The album, co-produced by Durst, impressed heavy metal fans everywhere, most notably with the single, "Mudshovel."  Staind started touring with the likes of Kid Rock and Monster Magnet, and secured a spot on the "Family Values Tour" with Korn.

It was on the Family Values Tour that Lewis first sang a fragmented new song called "Outside."  Most of the lyrics were improvised; Durst sat in on the performance and added minimal vocal support: "This is the real mother-fuckin' deal y'all... / I'm feeling those lighters."  But his contribution no doubt helped that performance of "Outside" get chosen for the Family Values '99  album. 

"Outside" was then picked up by radio stations nationwide and, in no time, Staind's little impromptu jam had turned into a #1 hit.  In June, 2000, Dysfunction was certified triple platinum.

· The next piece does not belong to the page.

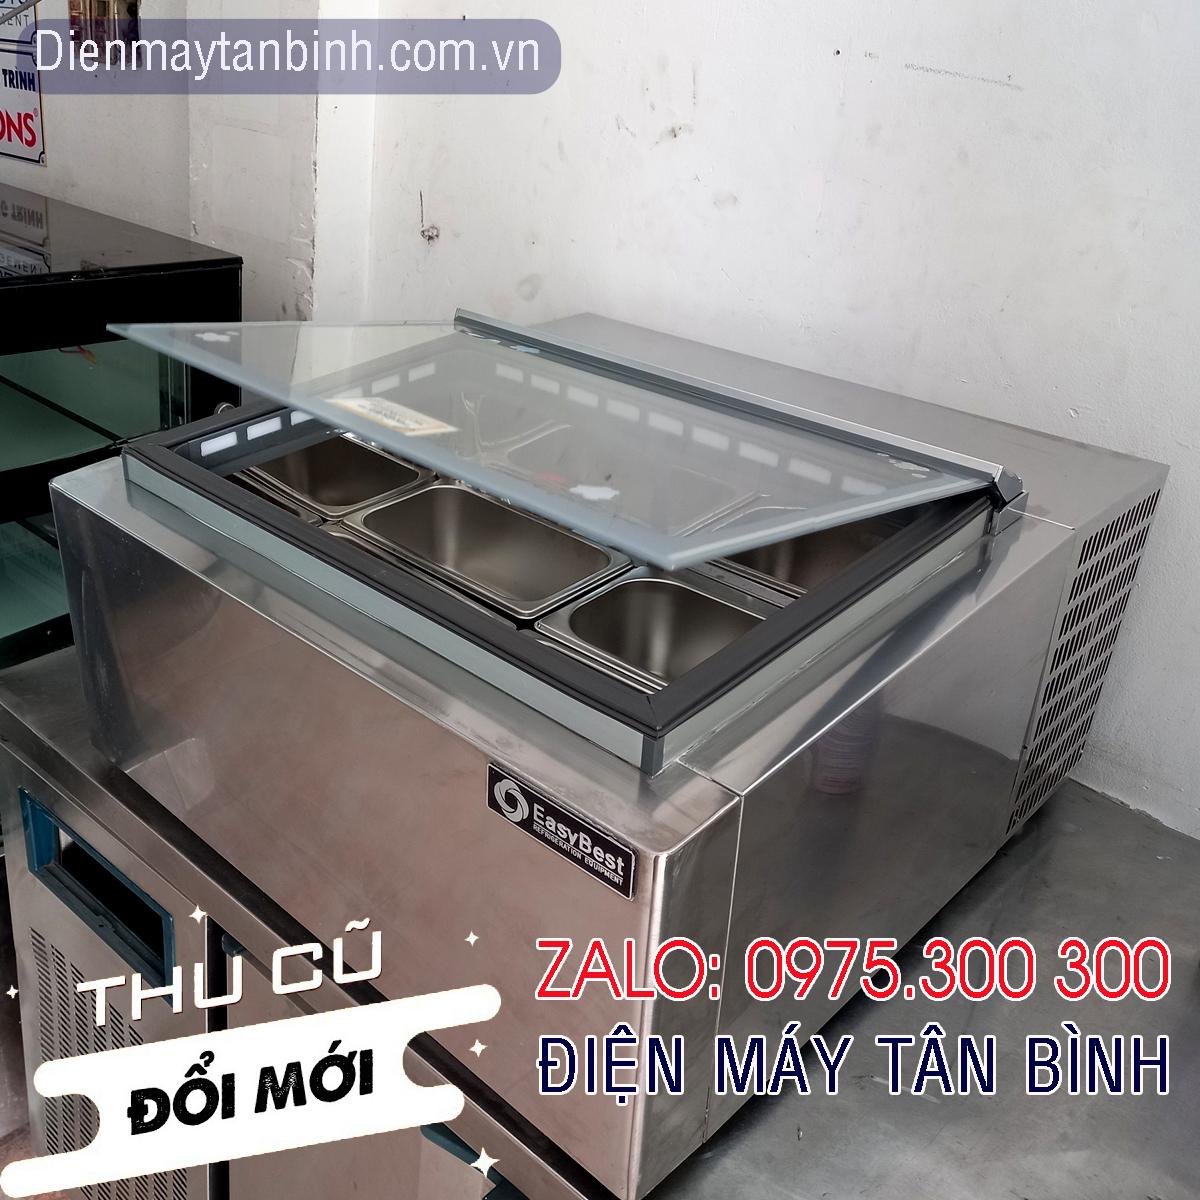 Tủ đông kem cũ mặt kính Easybest mini đặt bàn, có 4 khay inox

The band toured for a year and a half in support of Dysfunction.  A week after the tour ended they were back in the studio working on their third CD.  Break The Cycle, released in May 2001, entered the Billboard album chart at #1 and sold 716,000 copies in its first week.  It is another album of heavy metal grooves with a touch of Bic-lighter arena balladry, and the kind of painfully raw introspection so familiar to the band's fans.  The first singe, "It's Been Awhile," topped Billboard's Modern Rock and Mainstream Rock charts, proving that power ballads are still an effective vehicle for hard-rock bands on their way up.  

Staind recently performed at the MTV Video Music Awards, raising familiar questions about how artists who sing of alienation and abandonment wind up as poster children for the largest cable music network in the world.  As it often is in such cases, the word "sellout" is being lamely tossed around.  

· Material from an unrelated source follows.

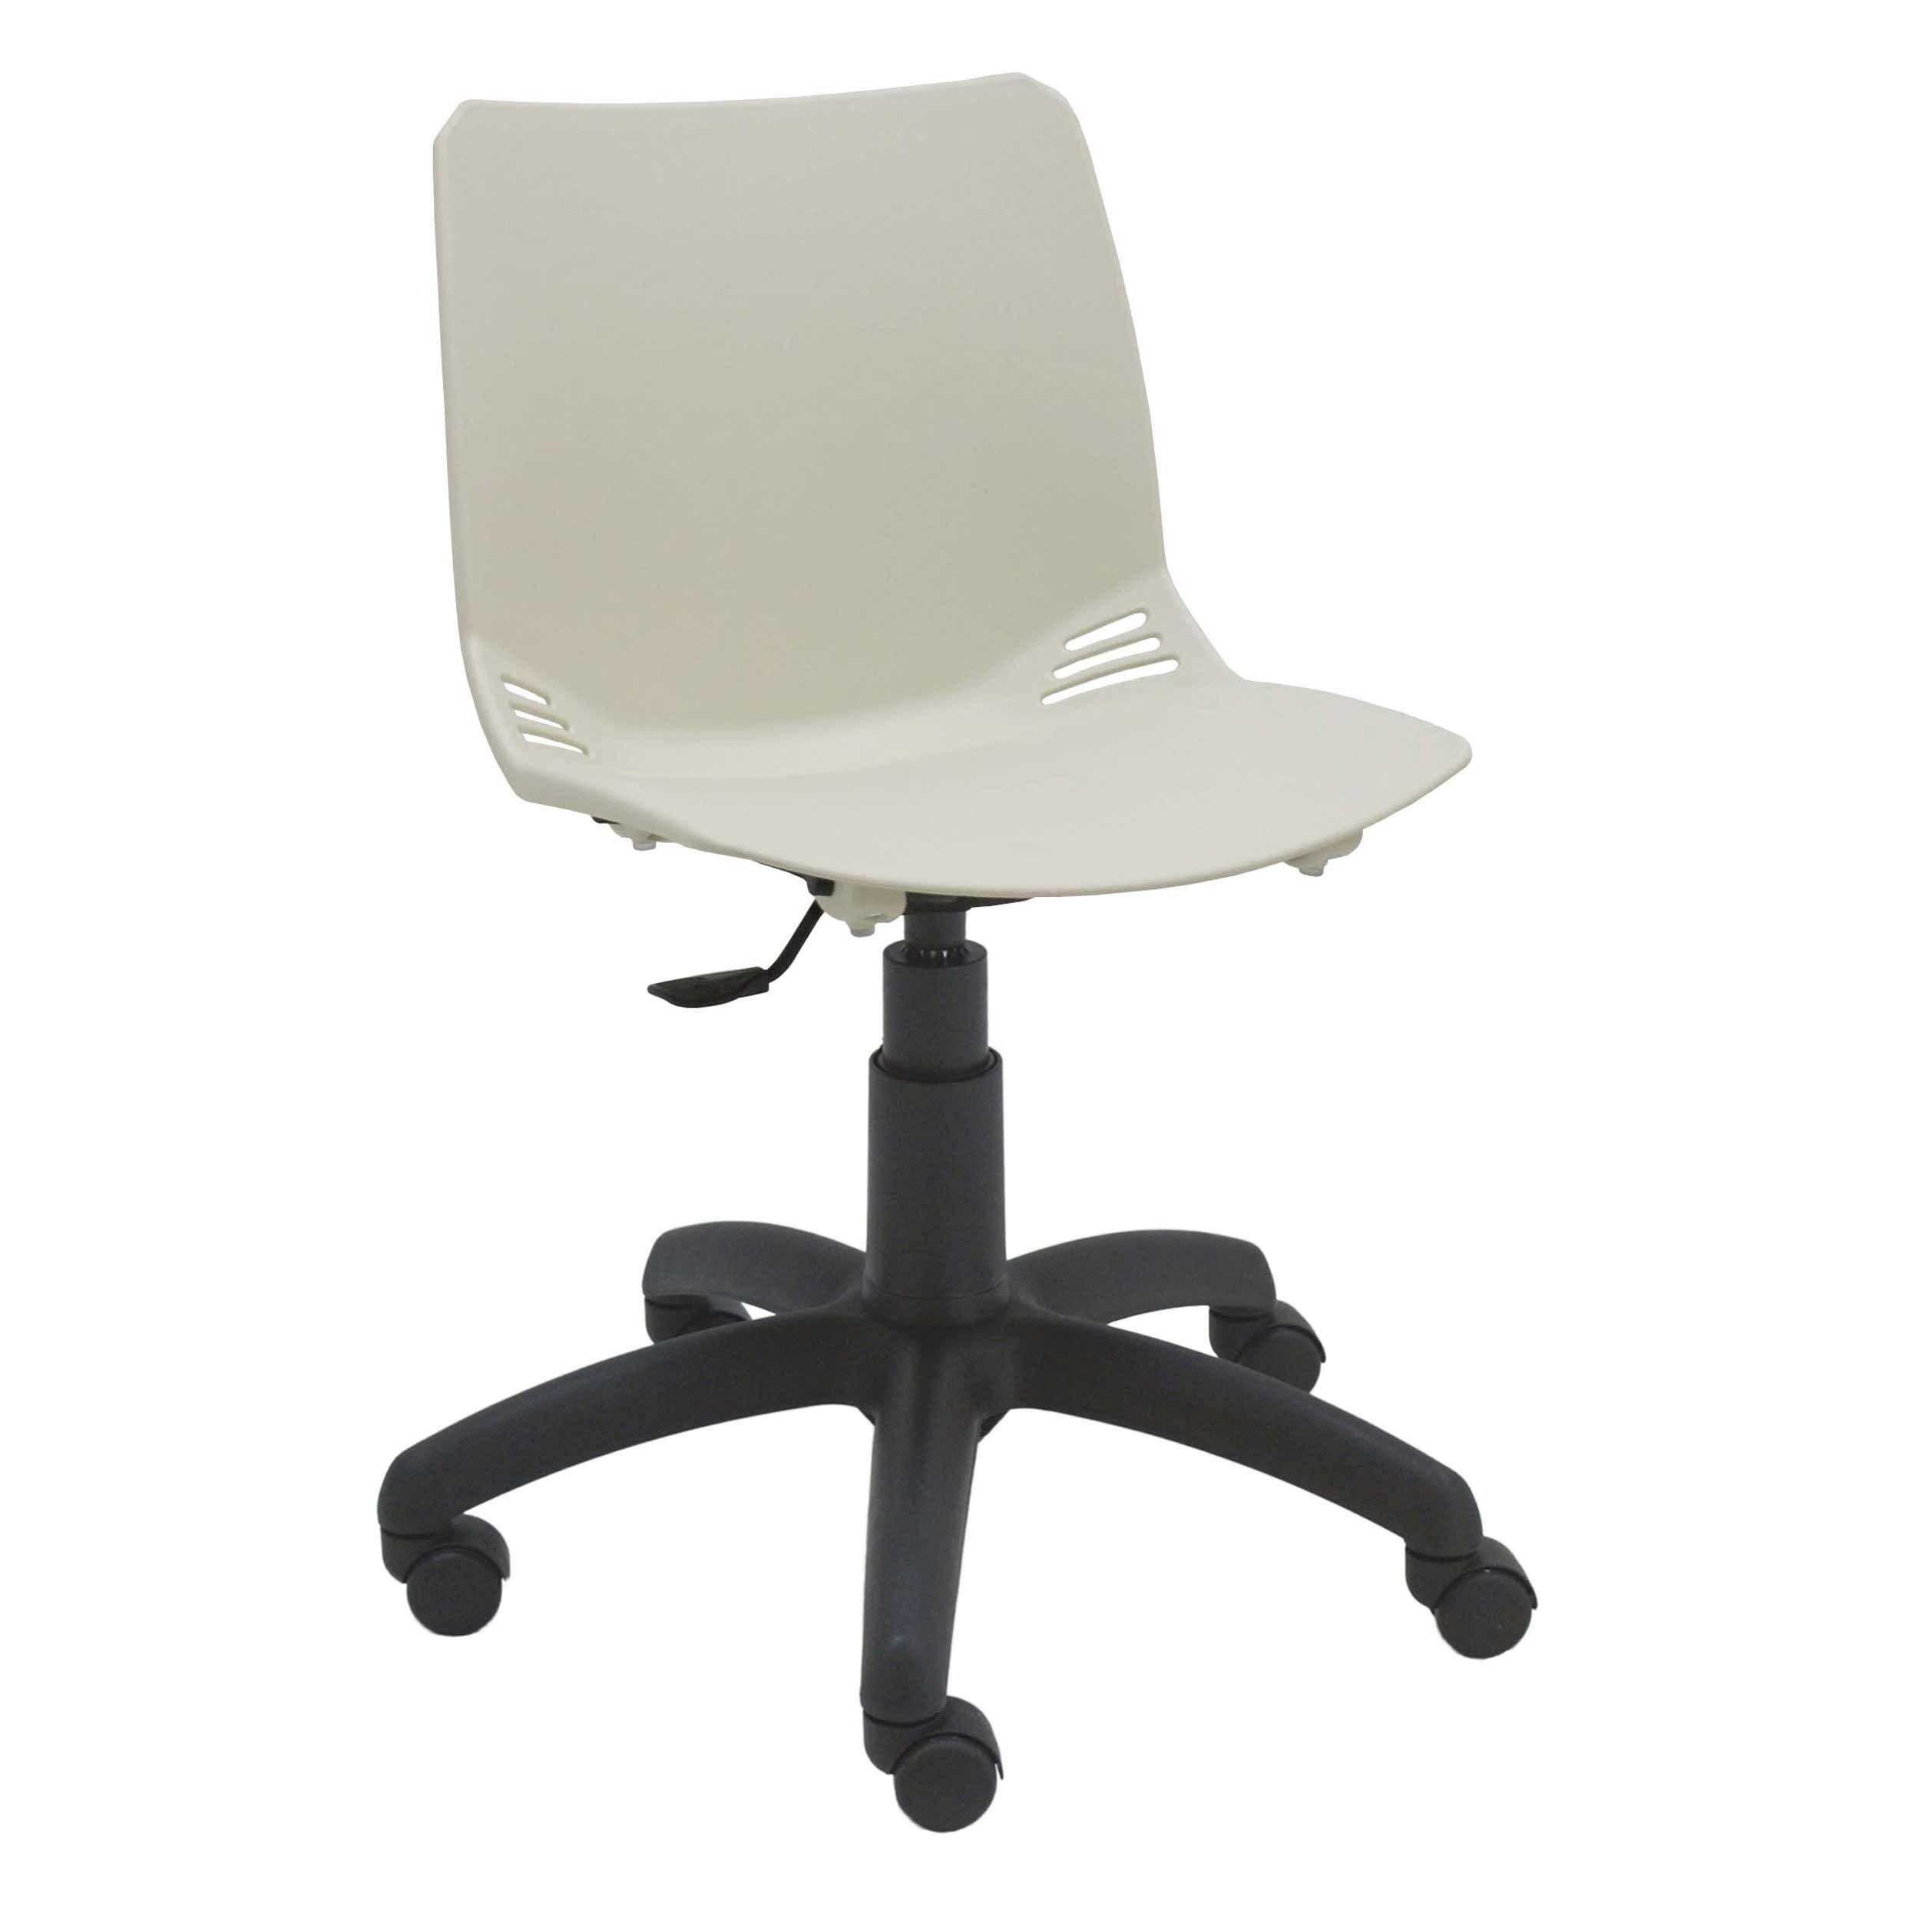 Silla giratoria pl stico modelo race sillas giratorias for Silla giratoria escritorio

"Doing that kind of stuff, like the MTV Awards, is a real honor for us," Mushok says emphatically.  "You work so hard to get to where you are and to be able to do these things is like a reward."

Yet for Mushok, the true sign of Staind's success came when they were invited to be guests on The Howard Stern Show.  "He is so cool," Mushok says of the radio personality.  "That was a huge honor.  In fact, I remember thinking how if we ever go to do Stern, I'd know we made it."